Il en a assez qu'on lui dise quoi faire, quoi penser et quoi dessiner…
Heureusement, « Parfois les rêves se réalisent. le 9 novembre 1989, le Mur est tombé. »
« Aussi loin que remontaient ses souvenirs, il avait toujours aimé dessiner. »
Peter Sis, auteur-illustrateur, écrit et illustre son enfance et son adolescence à Prague, de sa naissance à Brno, en Tchécoslovaquie, en 1949, jusqu'à son exil aux Etats-Unis en 1984.
A travers ses dessins d'enfant et d'adulte, et des extraits de son journal (ses propres carnets intimes), il témoigne de la vie quotidienne dans la Tchécoslovaquie communiste jusqu'à la chute du mur de Berlin.
Ce livre-album est donc un ouvrage autobiographique où l'auteur nous fait part de son ressenti.
Il a mal vécu le poids du stalinisme, et en lisant ce livre, on comprend pourquoi.
Ses souvenirs d'enfance ne sont pas tous heureux - plutôt amers. « Il peignit des rêves… puis des cauchemars. »
Son récit est écrit à la 3e personne, comme pour mettre à distance les événements, et ériger un autre mur entre son passé et lui.
Peter Sis nous offre de façon chronologique, et à travers une passionnante mise en mots et en images, un formidable panorama de ces longues années passées « du côté rouge » …

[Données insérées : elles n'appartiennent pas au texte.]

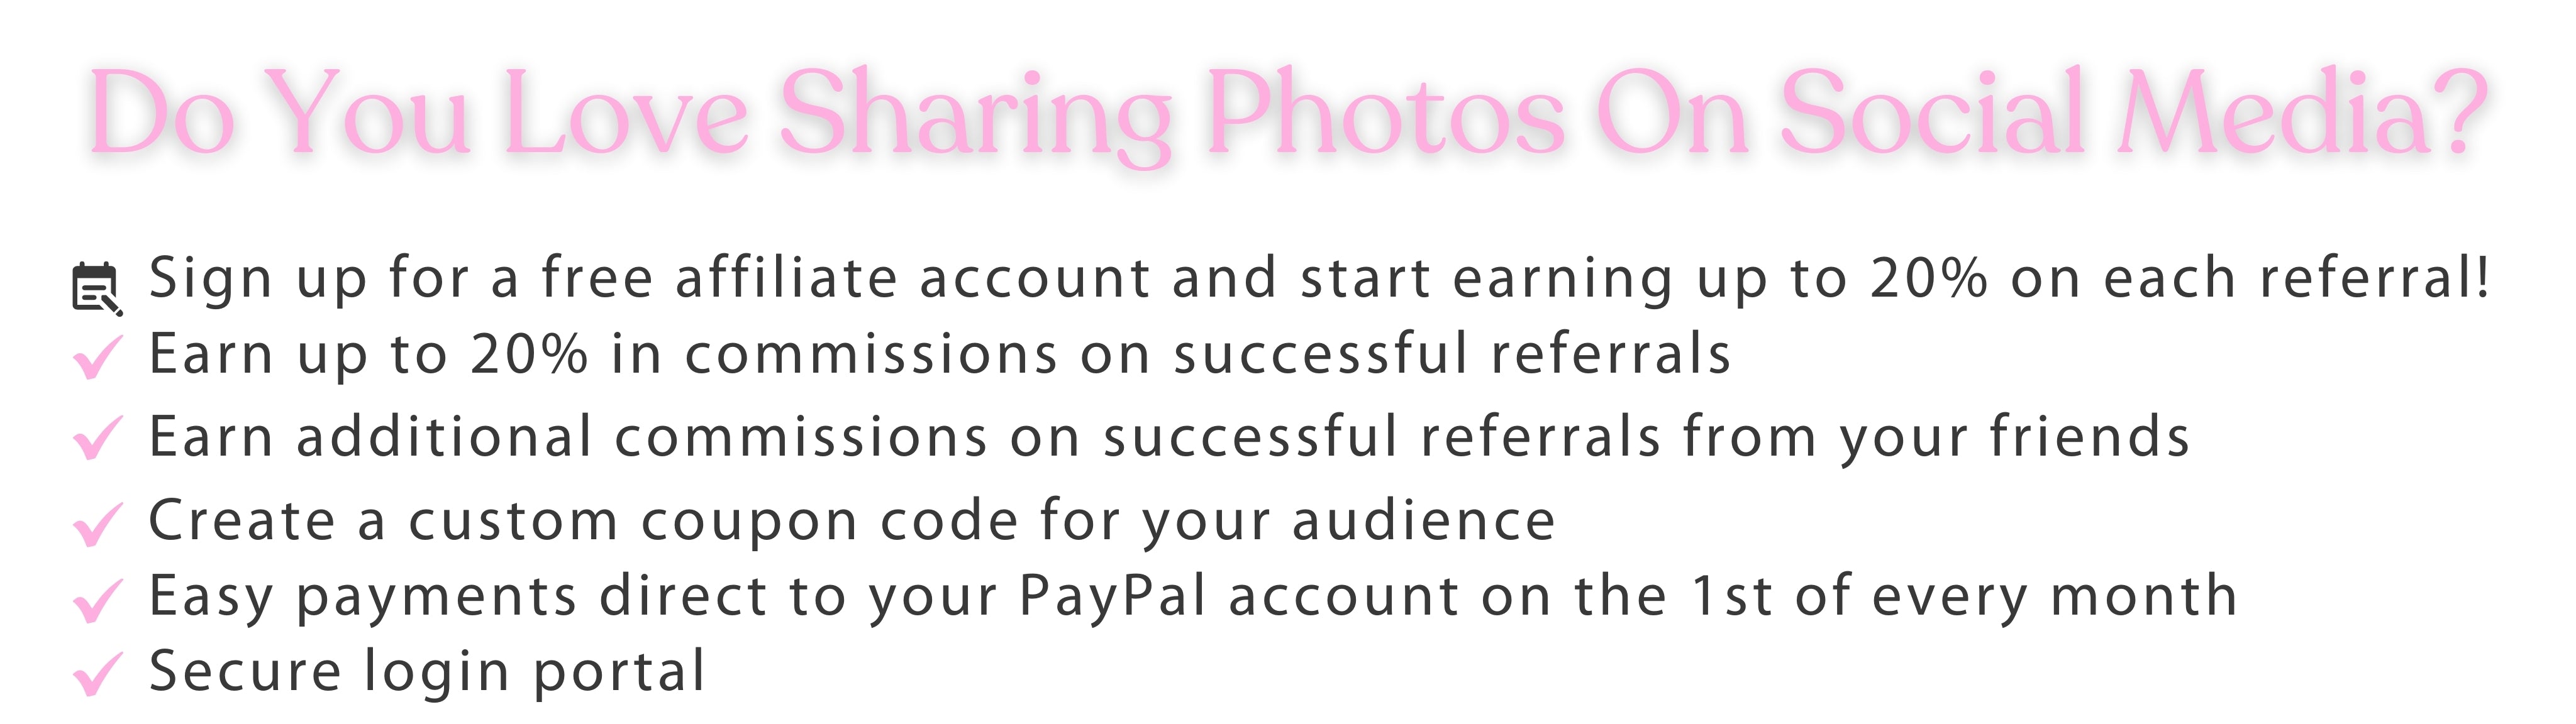 Sign up for a free affiliate account and start earning up to 20% on each referral! Earn up to 20% in commissions on successful referrals Earn additional commissions on successful referrals from your friends

Le contexte de la guerre froide et des événements qui l'ont constituée (soulèvement de Hongrie, construction du mur de Berlin, missiles de Cuba, guerre du Vietnam, Printemps de Prague, …) servent de fond à la description de la vie quotidienne des tchèques et à sa propre histoire personnelle.

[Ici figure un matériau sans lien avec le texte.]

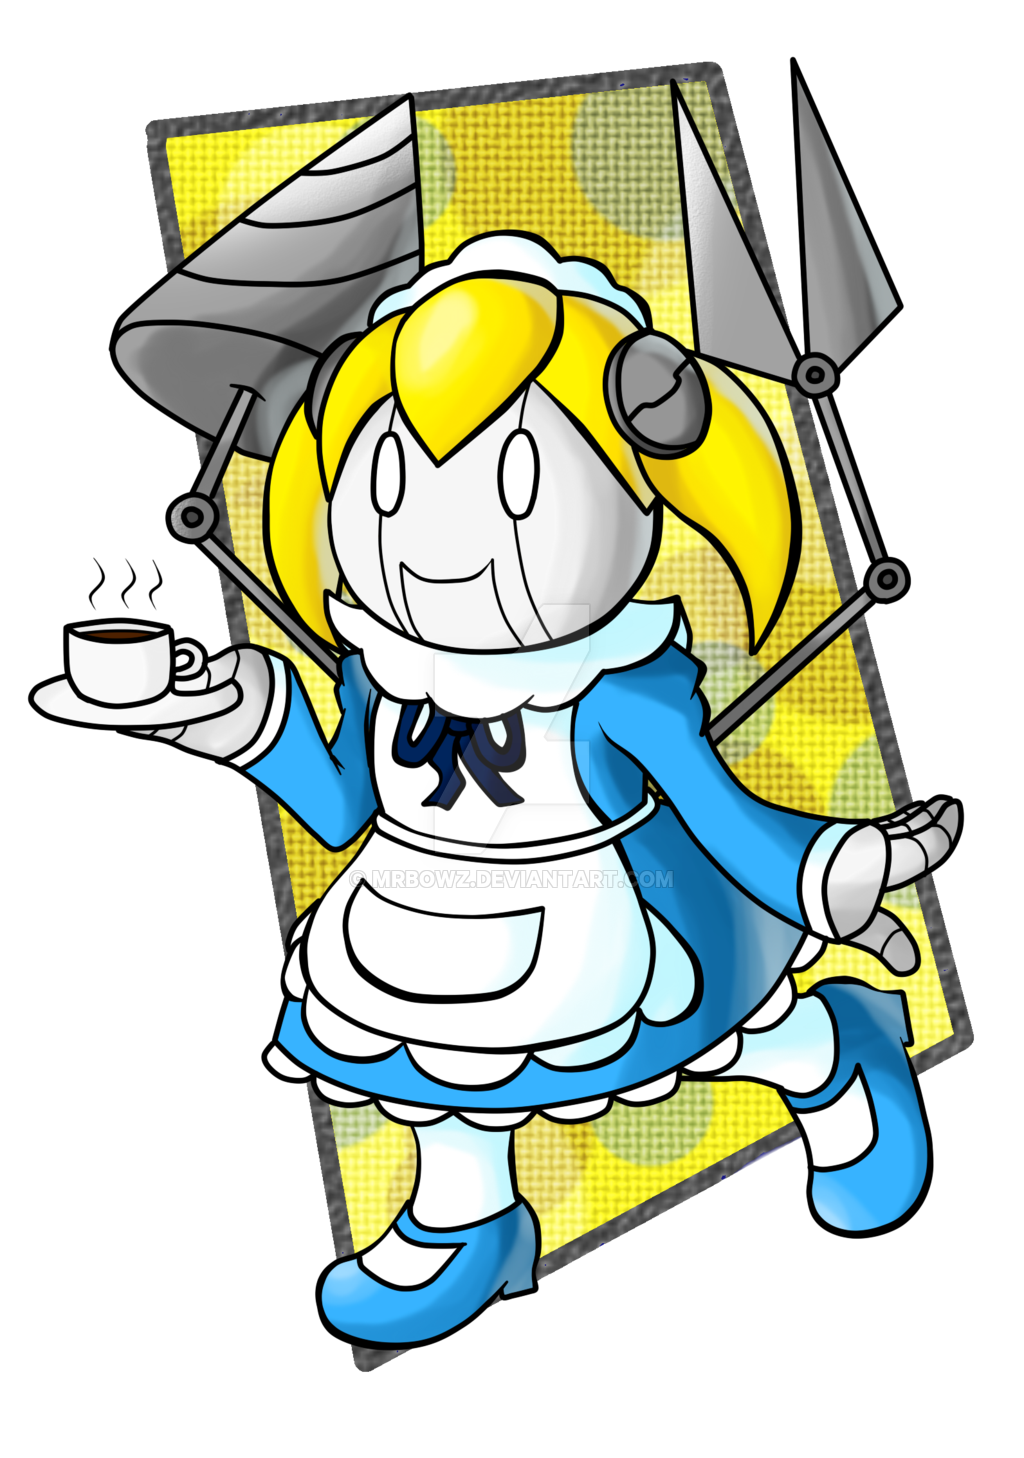 That iron maid by. Marshmallow clipart sad

Ses dessins, tracés principalement à l'encre noire sur fond blanc avec des touches de rouge, sont légendés. Plusieurs doubles pages sont entourés aussi de vignettes, de photos personnelles et de ses dessins d'enfant. On entre ainsi dans son intimité…

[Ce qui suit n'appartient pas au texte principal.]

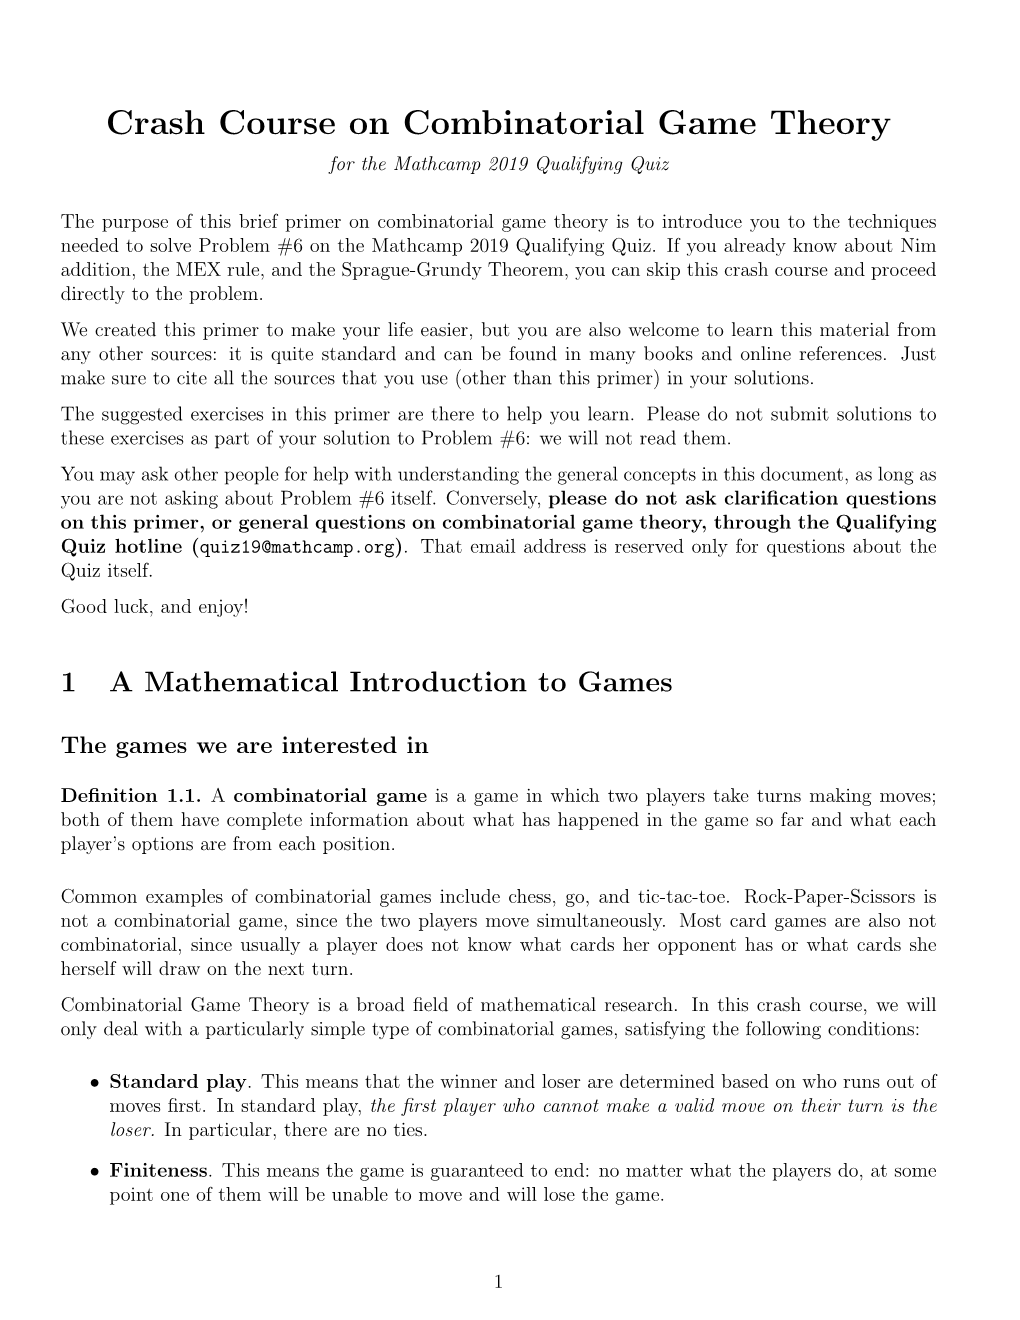 Crash Course on Combinatorial Game Theory for the Mathcamp 2019 Qualifying Quiz

Ce qui est présenté naïvement comme des vérités, est rapporté de façon plus distanciée au fur et à mesure que l'esprit critique de Peter Sis, enfant, s'éveille, tandis que le pays s'ouvre (avec l'arrivée de la musique des Beatles, des Beach Boys, …) puis se referme, avec les arrestations, les tortures et les délations…
Sur la 1re de Couv., LE « MUR » est écrit avec des lettres en trois dimensions, qui dessinent un mur.
En dessous, au centre de la page, le « M » initial, mural et maudit, se déplie 3 fois pour former une étoile. Cela rappelle le mur de Berlin, l'étoile juive, et le rouge soviétique, mais aussi, cet infranchissable frontière entre l'Est et l'Ouest !
Au milieu de l'étoile rouge, un petit enfant se tient assis. C'est Peter Sis lui-même. Il est tout content, et joue du tambour. Une belle représentation de l'insouciance enfantine !
En 4e de Couv., seule l'étoile rouge subsiste, entourée de blanc. Un texte engagé la remplit, qui explique que le totalitarisme soviétique a échoué dans sa mise au pas de la créativité artistique.
Les briques murales ont disparu au profit d'un seul symbole politique, l'étoile à 5 branches, emblème de l'U.R.S.S.
On ouvre le livre sur un planisphère tricolore, qui dévoile des océans gris, le bloc de l'Est et Cuba en rouge, tandis que le reste du monde, est blanc et vide, comme s'il n'existait pas.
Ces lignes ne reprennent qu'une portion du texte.